For the records below, print the lines from the line with "Merkloos Casual broek" through the line with "Decorative Door with Mirror - image 1" exactly as written; include both end lines and exclude the rest.

*** Data under study ***

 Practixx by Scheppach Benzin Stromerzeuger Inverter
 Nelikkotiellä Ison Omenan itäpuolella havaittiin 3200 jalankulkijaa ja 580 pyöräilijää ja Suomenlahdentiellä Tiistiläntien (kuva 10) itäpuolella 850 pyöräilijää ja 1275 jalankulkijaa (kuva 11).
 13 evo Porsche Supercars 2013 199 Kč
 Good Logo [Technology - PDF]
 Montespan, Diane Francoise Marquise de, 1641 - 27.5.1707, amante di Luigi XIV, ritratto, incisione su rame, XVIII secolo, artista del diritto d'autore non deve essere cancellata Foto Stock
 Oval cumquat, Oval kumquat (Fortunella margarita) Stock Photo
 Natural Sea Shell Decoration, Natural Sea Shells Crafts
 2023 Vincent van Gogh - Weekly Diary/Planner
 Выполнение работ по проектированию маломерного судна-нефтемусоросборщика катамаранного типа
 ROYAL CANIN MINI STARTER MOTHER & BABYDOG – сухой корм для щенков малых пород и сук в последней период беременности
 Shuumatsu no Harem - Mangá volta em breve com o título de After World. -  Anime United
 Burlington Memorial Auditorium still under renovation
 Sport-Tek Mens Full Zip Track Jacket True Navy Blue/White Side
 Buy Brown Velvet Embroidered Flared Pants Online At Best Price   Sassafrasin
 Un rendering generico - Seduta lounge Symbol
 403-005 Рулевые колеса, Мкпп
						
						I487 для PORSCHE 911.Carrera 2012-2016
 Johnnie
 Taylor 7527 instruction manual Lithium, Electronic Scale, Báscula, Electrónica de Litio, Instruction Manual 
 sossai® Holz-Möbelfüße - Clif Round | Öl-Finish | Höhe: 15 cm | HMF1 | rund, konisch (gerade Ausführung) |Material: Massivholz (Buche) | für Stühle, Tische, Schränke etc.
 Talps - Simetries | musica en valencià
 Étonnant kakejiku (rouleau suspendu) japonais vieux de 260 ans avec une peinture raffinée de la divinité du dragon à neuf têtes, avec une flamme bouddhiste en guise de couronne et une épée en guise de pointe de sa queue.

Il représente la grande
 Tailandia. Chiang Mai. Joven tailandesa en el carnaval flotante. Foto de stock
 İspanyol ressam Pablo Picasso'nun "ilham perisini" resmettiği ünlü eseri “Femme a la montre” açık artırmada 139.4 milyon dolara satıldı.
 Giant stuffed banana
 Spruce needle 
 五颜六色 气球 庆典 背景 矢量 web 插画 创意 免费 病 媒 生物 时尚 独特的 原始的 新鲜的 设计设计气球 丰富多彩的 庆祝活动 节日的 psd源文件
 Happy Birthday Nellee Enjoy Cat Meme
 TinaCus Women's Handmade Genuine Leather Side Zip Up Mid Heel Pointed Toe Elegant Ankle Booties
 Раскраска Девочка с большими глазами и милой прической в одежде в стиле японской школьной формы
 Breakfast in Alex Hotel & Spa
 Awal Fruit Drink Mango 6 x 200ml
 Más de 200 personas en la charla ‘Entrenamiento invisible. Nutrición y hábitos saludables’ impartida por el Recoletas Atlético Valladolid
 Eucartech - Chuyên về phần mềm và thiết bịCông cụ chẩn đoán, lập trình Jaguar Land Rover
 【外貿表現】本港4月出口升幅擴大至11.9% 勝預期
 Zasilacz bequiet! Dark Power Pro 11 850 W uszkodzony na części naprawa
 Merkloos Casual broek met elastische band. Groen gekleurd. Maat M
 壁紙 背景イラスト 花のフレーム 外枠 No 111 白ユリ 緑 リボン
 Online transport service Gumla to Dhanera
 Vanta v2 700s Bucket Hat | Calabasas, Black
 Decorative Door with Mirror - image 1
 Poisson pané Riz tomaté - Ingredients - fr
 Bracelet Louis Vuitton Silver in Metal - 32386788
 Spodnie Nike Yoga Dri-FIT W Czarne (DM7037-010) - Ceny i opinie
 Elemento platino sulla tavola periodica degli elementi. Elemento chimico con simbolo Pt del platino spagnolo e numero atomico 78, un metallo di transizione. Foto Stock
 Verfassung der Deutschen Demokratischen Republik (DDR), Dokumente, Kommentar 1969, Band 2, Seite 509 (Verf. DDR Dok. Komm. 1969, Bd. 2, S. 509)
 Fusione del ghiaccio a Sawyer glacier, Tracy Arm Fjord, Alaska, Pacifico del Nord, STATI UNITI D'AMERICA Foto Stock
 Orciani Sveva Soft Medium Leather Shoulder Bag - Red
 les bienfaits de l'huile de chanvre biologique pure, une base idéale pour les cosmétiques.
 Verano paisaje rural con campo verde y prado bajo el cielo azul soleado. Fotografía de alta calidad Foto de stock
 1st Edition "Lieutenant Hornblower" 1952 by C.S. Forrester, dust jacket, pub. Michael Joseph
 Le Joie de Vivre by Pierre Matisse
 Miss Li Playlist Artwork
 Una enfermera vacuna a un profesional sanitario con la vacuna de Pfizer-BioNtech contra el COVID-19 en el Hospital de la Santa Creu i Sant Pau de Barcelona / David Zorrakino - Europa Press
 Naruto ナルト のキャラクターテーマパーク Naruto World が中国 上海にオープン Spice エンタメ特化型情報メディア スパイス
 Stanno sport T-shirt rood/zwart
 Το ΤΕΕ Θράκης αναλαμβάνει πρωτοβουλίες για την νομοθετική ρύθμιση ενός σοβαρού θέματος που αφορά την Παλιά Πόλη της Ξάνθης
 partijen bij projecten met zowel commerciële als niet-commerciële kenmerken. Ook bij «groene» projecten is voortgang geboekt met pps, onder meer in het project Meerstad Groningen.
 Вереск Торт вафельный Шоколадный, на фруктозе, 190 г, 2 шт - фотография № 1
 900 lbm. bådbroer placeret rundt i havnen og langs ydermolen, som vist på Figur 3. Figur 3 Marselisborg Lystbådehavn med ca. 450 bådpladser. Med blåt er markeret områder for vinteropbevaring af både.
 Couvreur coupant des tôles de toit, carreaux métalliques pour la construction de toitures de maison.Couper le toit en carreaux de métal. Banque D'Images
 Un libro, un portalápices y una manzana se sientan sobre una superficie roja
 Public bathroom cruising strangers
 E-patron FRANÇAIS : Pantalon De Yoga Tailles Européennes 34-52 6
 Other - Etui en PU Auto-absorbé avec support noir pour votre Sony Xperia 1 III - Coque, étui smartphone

*** End of Data under study ***

→ Response area
 Merkloos Casual broek met elastische band. Groen gekleurd. Maat M
 壁紙 背景イラスト 花のフレーム 外枠 No 111 白ユリ 緑 リボン
 Online transport service Gumla to Dhanera
 Vanta v2 700s Bucket Hat | Calabasas, Black
 Decorative Door with Mirror - image 1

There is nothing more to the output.